ROLLS Royce will not threaten to leave Sussex over Brexit - but cannot say whether jobs will be at risk.

Chief executive of the luxury car manufacturer Torsten Muller-Otvos said they had not had any communication with the Government, despite high-level communications between Downing Street and car maker Nissan.

However, Rolls-Royce declined to comment whether UK jobs would be at risk if Britain leave the EU's single market.

Around 1,700 people are employed by Rolls-Royce Motor Cars, which has its main manufacturing hub in Goodwood.

The chief executive made headlines after writing to workers in March, warning them that an exit from the European Union would drive up costs and prices and could affect the company's "employment base".

He said: "We don't have any agreements with the Government so far, and there is currently no intention to structure any deals with the Government, and we are also not threatening the Government that we would withdraw here from the country.

His comments follow an announcement from Nissan in October confirming it would be making two new car models in its Sunderland plant, securing 7,000 regional jobs, despite speculation it might quit the UK following the vote to leave the EU.

MPs are pushing the Government to reveal the details of a letter sent to the Japanese car maker in the wake of the Brexit vote, though ministers have strongly denied suggestions that Nissan was offered a "sweetheart deal" with financial incentives to persuade it to stay in Britain.

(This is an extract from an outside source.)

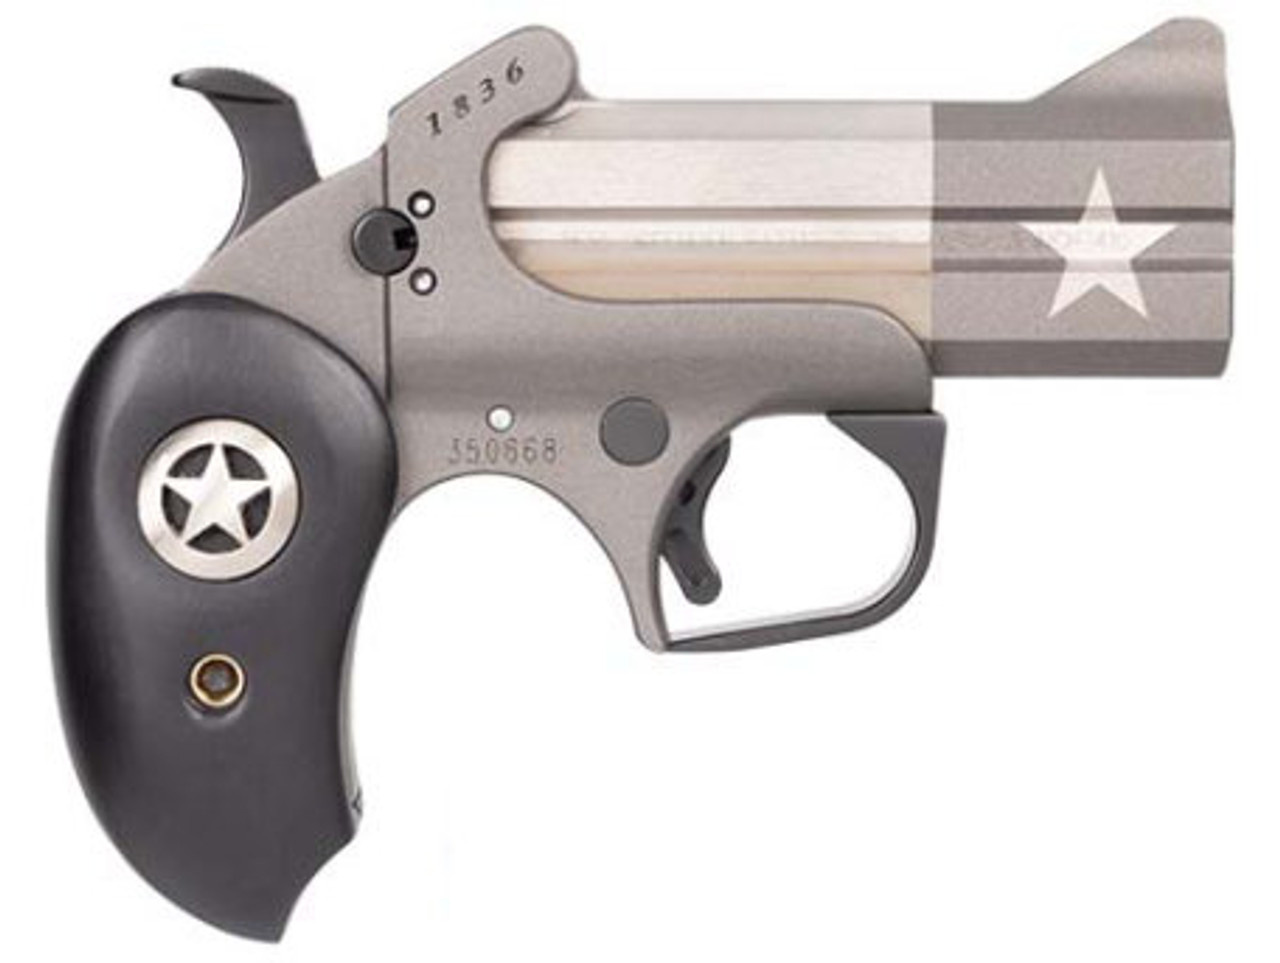 Bond Arms Bond Arms, 1836 Texas Independence, 45 Colt, 5.50", 2rd RD, Gray & Olive W/ Star, Black Ash Grips W/ Star Inlay

"It's hard for me to comment on what kind of situation they had been in, because we have already invested quite major amounts into that whole operation," Mr Muller-Otvos said.

"If I had been confronted today as a company with significant major investments into the UK, I of course would ask questions: Is it still all right to be here or should I invest somewhere else?"

Mr Muller-Otvos used the company's trading update last Monday to renew the company's commitment to Britain, as it cheered a 6% jump in car sales last year.

However, Mr Muller-Otvos said the company - which is owned by German auto giant BMW - does not have any contingency plans in place in the case of a hard Brexit, and has not instructed either internal staff or consultants to measure the financial consequences.

"If we're doing maths and lots of calculations and whatever, this is for me a waste of time."

The Brexit vote has raised questions as to whether foreign-owned companies will maintain manufacturing hubs in the UK if Britain leaves the single market, which is likely to result in trade tariffs for goods including luxury vehicles.

Around 90% of Rolls-Royce cars are exported from the UK.

But Mr Muller-Otvos said there were no plans to set up an EU subsidiary, an option being considered by the likes of insurance market Lloyd's of London to secure access to the single market.

"For us, it's currently business as normal."